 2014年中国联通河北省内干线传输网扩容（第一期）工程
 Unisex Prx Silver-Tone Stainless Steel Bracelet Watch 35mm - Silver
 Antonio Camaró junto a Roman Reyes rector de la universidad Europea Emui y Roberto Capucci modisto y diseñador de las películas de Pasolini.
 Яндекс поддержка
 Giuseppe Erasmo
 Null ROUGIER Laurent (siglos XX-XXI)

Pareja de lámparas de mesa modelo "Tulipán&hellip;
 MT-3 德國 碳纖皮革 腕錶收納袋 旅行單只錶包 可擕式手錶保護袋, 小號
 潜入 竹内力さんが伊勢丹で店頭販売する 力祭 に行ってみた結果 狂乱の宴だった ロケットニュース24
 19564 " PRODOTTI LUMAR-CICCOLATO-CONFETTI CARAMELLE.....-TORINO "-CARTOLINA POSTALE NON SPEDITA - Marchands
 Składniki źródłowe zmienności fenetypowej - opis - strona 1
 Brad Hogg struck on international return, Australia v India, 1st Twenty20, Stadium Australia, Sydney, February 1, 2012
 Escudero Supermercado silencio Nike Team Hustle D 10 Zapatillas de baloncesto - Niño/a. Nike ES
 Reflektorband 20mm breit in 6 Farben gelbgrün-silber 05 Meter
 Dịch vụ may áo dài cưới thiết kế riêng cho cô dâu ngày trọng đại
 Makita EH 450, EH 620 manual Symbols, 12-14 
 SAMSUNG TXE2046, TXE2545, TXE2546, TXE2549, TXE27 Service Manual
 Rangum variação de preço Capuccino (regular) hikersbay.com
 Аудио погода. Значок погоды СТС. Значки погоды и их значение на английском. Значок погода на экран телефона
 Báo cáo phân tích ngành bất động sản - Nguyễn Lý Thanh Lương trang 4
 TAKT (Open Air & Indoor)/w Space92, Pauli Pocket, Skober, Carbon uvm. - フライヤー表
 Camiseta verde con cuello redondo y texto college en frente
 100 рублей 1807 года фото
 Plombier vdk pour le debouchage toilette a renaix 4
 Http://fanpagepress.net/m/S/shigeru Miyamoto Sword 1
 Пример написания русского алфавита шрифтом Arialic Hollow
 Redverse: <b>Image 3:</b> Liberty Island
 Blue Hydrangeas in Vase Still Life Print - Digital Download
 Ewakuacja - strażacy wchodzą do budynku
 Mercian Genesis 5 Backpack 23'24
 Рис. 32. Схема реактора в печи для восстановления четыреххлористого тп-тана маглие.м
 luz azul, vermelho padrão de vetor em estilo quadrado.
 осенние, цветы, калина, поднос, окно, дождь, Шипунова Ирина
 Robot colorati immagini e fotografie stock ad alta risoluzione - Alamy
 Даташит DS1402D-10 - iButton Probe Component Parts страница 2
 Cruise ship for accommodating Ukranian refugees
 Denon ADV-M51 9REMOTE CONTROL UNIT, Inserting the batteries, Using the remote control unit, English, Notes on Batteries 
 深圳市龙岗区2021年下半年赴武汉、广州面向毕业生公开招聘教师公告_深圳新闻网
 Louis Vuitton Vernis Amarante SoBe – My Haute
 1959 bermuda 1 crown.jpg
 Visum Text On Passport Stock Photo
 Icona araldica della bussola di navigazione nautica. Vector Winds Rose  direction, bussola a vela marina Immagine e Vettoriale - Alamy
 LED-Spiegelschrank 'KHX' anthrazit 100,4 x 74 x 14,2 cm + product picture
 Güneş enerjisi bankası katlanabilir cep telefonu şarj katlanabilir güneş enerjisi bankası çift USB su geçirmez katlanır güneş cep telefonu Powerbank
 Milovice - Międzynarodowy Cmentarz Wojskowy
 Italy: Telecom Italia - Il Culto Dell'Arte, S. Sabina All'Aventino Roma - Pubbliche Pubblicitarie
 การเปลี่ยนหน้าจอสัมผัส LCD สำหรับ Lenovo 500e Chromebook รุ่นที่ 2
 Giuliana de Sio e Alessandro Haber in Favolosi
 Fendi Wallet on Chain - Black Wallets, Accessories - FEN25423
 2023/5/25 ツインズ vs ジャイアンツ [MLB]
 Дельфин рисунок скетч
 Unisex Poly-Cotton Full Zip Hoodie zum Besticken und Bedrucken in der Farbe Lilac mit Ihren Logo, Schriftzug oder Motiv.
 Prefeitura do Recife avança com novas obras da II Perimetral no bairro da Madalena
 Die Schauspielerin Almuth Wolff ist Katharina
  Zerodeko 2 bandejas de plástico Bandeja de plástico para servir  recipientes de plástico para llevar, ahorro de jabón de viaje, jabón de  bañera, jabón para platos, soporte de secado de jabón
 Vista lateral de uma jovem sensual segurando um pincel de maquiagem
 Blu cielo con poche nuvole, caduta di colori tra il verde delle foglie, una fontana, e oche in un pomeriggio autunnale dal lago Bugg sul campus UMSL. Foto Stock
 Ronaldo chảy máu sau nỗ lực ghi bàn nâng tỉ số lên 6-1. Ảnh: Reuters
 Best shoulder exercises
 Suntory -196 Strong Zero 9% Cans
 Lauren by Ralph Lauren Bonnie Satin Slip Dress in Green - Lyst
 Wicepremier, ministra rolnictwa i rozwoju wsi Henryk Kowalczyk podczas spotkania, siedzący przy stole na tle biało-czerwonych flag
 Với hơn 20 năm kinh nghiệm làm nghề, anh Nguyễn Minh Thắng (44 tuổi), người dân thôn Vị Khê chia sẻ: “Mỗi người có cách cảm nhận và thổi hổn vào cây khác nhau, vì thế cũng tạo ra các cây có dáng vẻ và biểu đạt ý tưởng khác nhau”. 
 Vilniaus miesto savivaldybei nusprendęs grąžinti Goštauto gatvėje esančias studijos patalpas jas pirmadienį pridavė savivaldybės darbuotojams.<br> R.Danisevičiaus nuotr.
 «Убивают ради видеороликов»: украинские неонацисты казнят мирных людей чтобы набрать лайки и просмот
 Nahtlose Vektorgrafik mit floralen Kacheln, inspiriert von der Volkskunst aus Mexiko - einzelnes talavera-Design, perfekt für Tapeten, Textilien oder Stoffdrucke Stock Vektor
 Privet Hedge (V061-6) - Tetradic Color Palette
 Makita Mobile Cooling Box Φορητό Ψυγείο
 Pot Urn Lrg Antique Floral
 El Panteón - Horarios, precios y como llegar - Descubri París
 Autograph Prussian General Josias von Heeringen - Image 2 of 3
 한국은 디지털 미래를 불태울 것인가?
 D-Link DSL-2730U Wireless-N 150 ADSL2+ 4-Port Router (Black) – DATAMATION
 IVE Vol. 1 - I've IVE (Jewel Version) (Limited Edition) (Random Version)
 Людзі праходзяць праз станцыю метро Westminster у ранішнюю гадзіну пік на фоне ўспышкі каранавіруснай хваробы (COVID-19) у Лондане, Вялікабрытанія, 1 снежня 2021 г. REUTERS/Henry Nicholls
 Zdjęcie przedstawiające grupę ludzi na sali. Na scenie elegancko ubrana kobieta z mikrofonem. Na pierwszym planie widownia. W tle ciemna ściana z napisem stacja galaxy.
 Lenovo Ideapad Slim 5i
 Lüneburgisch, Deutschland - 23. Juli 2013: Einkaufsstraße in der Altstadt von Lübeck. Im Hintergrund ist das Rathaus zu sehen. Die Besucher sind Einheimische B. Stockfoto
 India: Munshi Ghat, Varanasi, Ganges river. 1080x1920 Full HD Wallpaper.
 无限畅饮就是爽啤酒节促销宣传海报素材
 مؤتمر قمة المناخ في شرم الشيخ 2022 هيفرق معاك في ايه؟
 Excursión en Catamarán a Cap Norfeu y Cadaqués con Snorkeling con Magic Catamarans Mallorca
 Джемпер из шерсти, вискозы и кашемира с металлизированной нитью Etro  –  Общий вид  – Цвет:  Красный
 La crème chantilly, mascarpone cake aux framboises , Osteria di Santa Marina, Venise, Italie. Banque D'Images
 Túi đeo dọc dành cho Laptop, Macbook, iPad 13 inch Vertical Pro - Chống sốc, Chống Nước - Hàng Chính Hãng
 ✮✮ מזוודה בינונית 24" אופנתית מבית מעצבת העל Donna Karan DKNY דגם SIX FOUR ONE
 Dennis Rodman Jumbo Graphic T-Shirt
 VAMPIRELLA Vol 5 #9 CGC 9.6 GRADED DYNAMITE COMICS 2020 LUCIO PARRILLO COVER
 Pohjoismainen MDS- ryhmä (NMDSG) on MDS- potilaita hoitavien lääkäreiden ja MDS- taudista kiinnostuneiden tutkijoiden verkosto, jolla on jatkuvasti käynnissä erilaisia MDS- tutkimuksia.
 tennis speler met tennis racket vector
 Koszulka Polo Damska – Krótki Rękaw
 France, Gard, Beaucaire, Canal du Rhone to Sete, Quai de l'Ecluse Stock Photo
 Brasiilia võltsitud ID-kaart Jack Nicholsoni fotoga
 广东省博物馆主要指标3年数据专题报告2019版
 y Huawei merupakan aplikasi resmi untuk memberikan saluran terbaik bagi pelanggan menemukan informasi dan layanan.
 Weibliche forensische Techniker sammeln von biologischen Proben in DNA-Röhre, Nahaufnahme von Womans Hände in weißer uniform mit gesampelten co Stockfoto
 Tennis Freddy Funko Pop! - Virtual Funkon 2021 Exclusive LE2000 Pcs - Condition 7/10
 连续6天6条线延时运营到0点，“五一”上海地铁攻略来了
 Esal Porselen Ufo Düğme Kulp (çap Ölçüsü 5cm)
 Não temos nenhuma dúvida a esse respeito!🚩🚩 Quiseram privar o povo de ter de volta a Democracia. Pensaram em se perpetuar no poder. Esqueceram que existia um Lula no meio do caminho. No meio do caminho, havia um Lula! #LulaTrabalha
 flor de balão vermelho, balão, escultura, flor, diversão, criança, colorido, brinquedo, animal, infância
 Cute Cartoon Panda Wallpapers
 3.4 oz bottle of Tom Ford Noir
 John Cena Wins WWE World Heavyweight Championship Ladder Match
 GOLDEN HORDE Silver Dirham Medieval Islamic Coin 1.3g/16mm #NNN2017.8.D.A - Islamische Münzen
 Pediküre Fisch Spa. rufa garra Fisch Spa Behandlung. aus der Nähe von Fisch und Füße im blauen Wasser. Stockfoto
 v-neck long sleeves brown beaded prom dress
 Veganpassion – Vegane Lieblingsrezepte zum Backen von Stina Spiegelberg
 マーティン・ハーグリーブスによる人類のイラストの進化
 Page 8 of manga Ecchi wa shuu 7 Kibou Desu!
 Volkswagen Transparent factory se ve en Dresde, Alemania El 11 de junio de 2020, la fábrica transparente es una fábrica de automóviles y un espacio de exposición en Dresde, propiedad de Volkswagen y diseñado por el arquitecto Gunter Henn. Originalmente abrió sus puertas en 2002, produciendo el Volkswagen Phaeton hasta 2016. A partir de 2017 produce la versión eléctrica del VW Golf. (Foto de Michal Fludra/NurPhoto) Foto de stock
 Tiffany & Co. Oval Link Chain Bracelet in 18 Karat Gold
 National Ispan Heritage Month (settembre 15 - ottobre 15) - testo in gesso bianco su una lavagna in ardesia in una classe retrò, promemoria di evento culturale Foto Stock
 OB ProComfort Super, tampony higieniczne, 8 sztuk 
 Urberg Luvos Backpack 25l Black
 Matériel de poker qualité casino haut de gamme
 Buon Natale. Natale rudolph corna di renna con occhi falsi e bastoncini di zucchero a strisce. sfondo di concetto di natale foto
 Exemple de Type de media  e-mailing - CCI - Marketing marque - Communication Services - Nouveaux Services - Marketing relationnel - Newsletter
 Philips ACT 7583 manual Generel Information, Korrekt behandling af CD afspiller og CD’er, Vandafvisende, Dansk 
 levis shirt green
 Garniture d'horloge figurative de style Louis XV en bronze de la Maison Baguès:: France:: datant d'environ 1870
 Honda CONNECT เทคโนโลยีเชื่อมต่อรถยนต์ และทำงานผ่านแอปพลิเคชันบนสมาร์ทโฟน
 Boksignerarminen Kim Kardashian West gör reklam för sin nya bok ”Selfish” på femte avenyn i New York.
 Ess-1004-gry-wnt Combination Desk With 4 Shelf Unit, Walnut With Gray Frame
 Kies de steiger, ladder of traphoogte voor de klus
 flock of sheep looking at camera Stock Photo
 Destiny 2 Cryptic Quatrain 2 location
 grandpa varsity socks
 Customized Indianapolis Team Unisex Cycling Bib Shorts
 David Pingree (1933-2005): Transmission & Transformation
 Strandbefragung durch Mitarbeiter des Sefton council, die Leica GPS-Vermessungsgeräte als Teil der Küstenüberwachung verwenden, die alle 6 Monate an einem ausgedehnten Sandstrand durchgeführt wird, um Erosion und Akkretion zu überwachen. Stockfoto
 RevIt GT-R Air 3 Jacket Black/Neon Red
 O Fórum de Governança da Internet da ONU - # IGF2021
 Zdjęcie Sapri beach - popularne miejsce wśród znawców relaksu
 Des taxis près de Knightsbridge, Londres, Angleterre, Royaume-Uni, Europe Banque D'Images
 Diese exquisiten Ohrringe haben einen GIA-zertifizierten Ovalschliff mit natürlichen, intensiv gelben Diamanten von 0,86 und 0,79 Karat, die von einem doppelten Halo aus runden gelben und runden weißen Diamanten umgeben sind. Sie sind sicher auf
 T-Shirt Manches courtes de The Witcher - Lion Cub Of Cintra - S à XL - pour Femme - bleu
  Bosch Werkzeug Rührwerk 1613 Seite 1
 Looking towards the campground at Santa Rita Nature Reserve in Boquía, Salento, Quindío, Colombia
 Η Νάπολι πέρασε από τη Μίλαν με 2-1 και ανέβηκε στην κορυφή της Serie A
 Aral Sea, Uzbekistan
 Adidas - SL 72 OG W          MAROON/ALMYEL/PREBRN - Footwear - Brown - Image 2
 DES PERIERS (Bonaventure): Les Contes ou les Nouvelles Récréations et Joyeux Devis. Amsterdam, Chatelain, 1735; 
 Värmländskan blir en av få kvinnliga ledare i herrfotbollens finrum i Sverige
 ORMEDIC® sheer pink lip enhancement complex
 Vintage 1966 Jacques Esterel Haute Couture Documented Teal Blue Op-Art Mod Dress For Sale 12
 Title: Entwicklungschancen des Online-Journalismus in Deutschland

● ● ● ● ●

_EXERCISE_
What is needed is each line of the entries that contains the word "Louis".

_RESPONSE BELOW_
 Louis Vuitton Vernis Amarante SoBe – My Haute
 Garniture d'horloge figurative de style Louis XV en bronze de la Maison Baguès:: France:: datant d'environ 1870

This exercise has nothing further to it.